Back when I was writing in my spiritual journal in 2005, I felt a mission to the world, to rescue it from political oppression (as embodied in the right wing parties in every country including my own) from Easter 1984 until election day 2004, a period of just over twenty years.
I decided, in February 2005, to stop calling myself a Christian. I do not own the language.
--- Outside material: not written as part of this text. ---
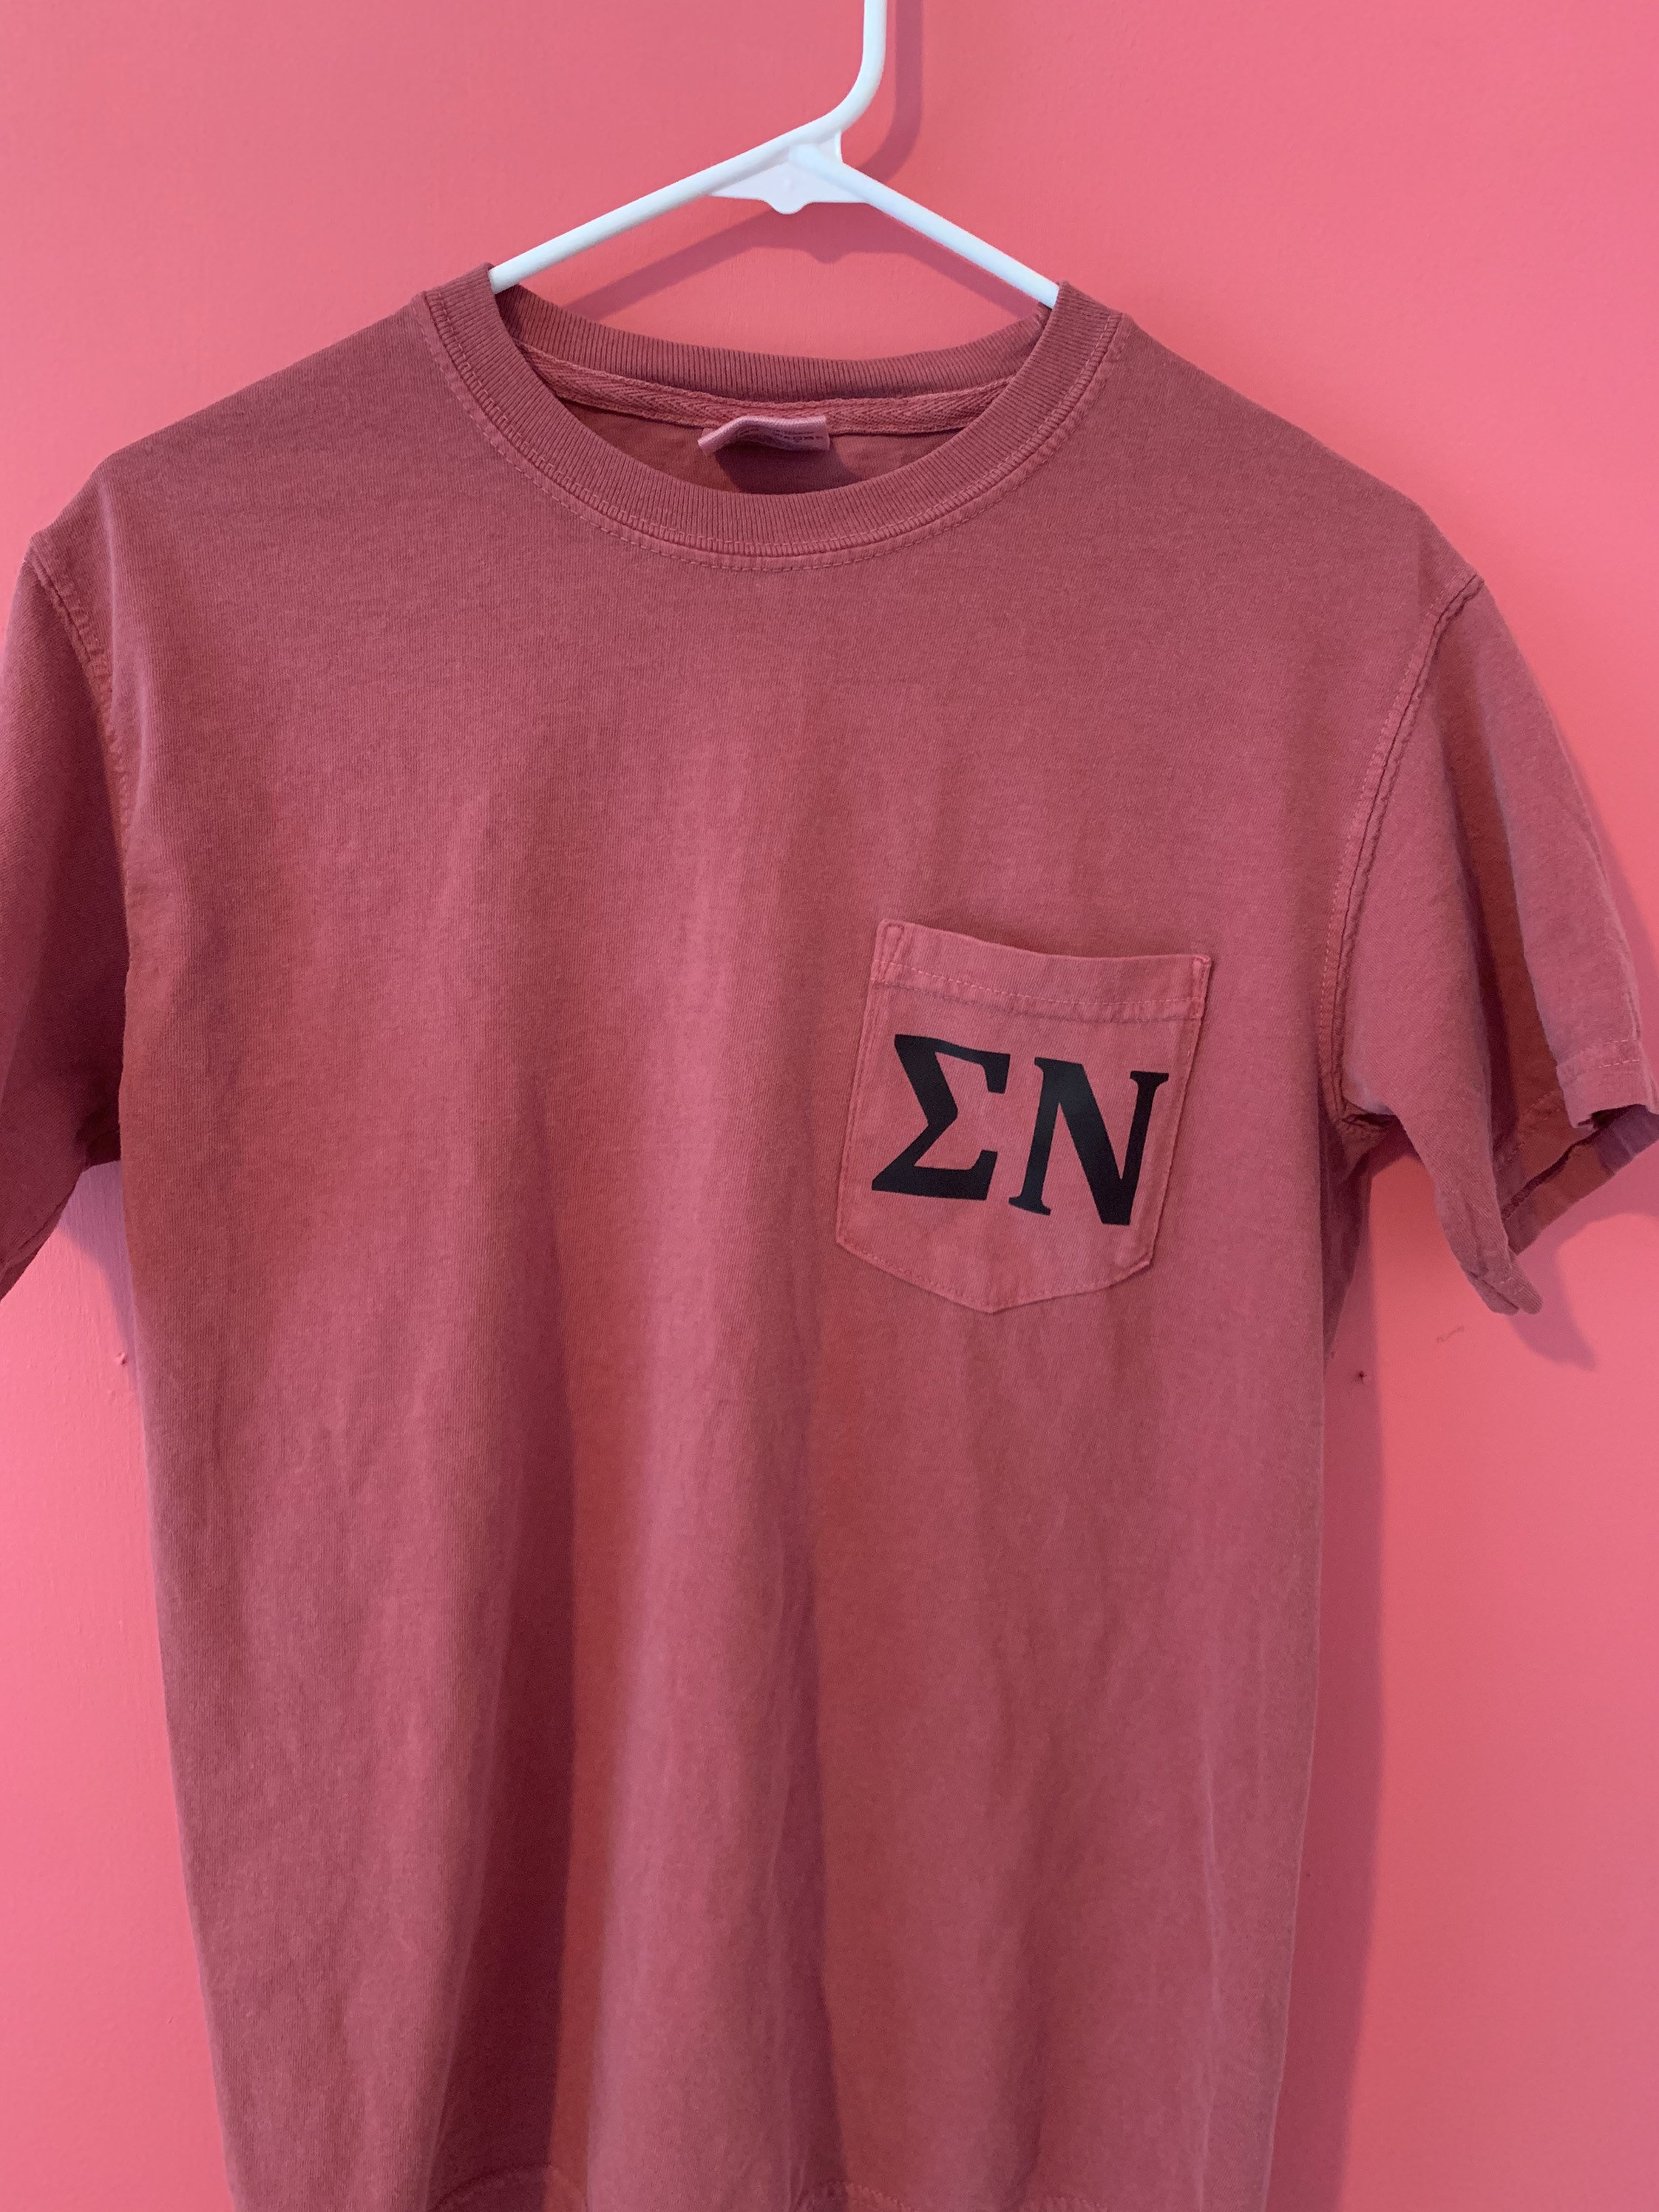 Sigma Nu Fraternity Comfort Colors Pocket T-Shirt (Small, Blue Jean)
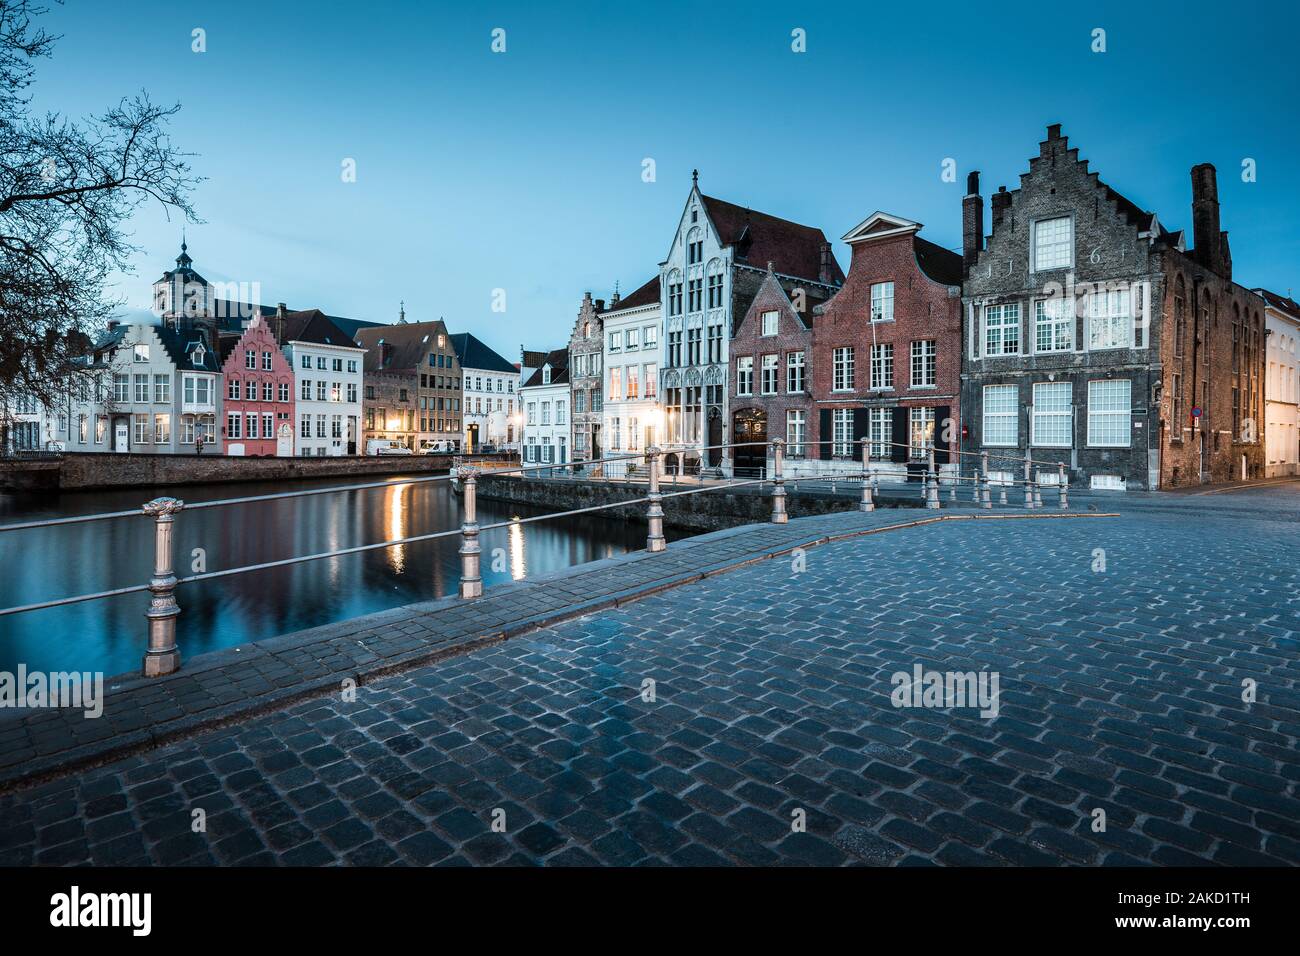 Classic panoramic twilight view of the historic city center of Brugge during beautiful evening blue hour at dusk, province of West Flanders, Belgium Stock Photo

If I call myself a Christian, I wrote, people will think of me as a follower of George W. Bush. (Today it is even worse; to be a Christian is, in popular language, to be a Trumper.) The question is not, do I want to call myself a Christian; but, am I what the world thinks of when they hear the word Christian? Clearly, the answer was (and is) no.
Some of what I wrote below was during the worst of my medical problems, but also at a time when a Republican president aspired to be a world dictator and use war as his tool of domination. Remember George W. Bush? [Bush and Cheney] “have galloped out on their Texas steeds to conquer the world, and other Republican horsemen of the apocalypse, only slightly worse than Democratic mules…Most of the universe is gas-jets of hydrogen, and in one small space, there is a miracle of complexity—and it is evil.”
I
was reading Rabbi Kushner’s book, Who
Needs God? But can there be one, even in the diffuse form I have
fantasized? Kushner also wondered how one can get angry at a God that one
believes does not exist. But we are angry because there should be a good
God who will rescue the world.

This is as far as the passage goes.